Used orally as replacement or supplemental therapy in congenital or acquired hypothyroidism of any etiology, except transient hypothyroidism during the recovery phase of subacute thyroiditis. Specific indications include subclinical hypothyroidism and primary (thyroidal), secondary (pituitary), and tertiary (hypothalamic) hypothyroidism.

Considered drug of choice for the treatment of congenital hypothyroidism (cretinism).

Used IV for treatment of myxedema coma or other conditions when rapid thyroid replacement is required.

Pituitary TSH Suppression

Treatment or prevention of various types of euthyroid goiters, including thyroid nodules, subacute or chronic lymphocytic thyroiditis (Hashimoto’s thyroiditis), and multinodular goiter.

Adjunct to surgery and radioiodine therapy in the management of thyrotropin-dependent well-differentiated thyroid cancer.

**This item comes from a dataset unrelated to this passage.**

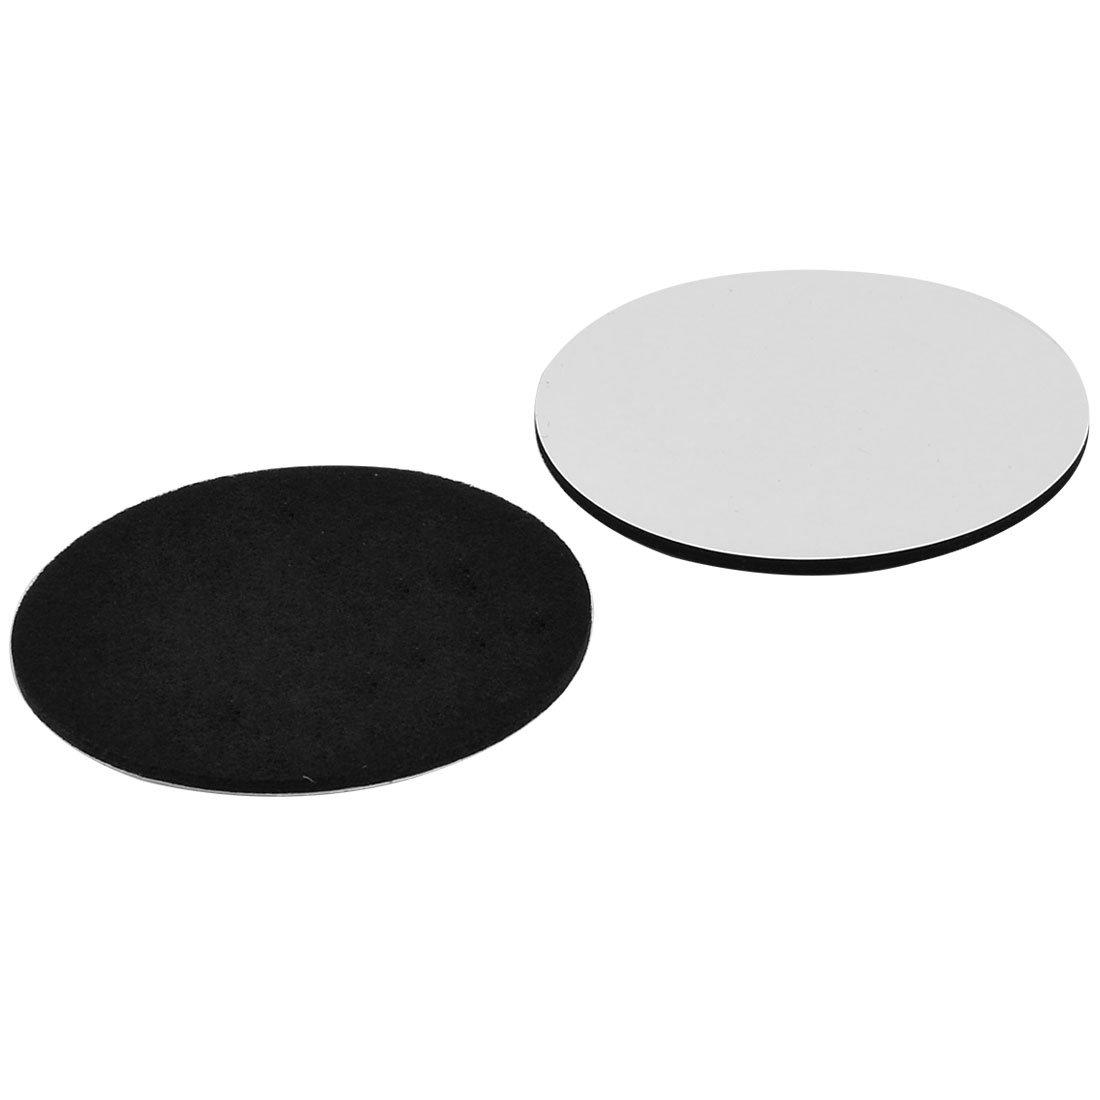 Sourcingmap/® Bodenm/öbel Filz Runde Anti-Rutsch Abdeckung Sch/ützerpolster Grau 85 mm /Ø 4 STK de

Efficacy of TSH suppression for benign nodular disease remains controversial.

Other Uses

See Unlabeled Uses under Cautions.

Dosage and Administration

General

  • Approved levothyroxine sodium oral preparations should be considered therapeutically inequivalent unless equivalence has been established and noted in the FDA’s Approved Drug Products with Therapeutic Equivalence Evaluations (Orange Book). The following are considered to be therapeutically equivalent to at least 1 reference listed drug: Levoxyl®, Synthroid®, Unithroid®, and nonproprietary (generic) levothyroxine sodium preparations manufactured by Mylan, Sandoz, or Lannett. Check Orange Book at http://www.fda.gov/cder/ob for more current information on preparations designated therapeutically equivalent by the FDA.
  • Due to narrow therapeutic index, American Thyroid Association (ATA) and American Association of Clinical Endocrinologists (AACE) recommend not to use levothyroxine sodium preparations interchangeably. When switching preparations (e.g., from brand to generic), pharmacists should notify the patient and prescriber. In addition, clinicians should measure serum TSH concentration about 4–8 weeks after starting the new preparation and adjust dosage if needed.
  • Initially, monitor response to therapy about every 6–8 weeks. Once normalization of thyroid function and serum TSH concentrations has been achieved, patients may be evaluated less frequently (i.e., every 6–12 months). However, if dosage of levothyroxine is changed, measure serum TSH concentrations after 8–12 weeks.

Administration

Administer orally or by IV or IM injection. IV is preferred over IM since absorption may be variable following IM administration.

Oral Administration

Administer orally on an empty stomach, preferably one-half to one hour before breakfast or the first food of the day. Administer Levoxyl® tablets with a full glass of water to avoid choking, gagging, or difficulty in swallowing the tablet.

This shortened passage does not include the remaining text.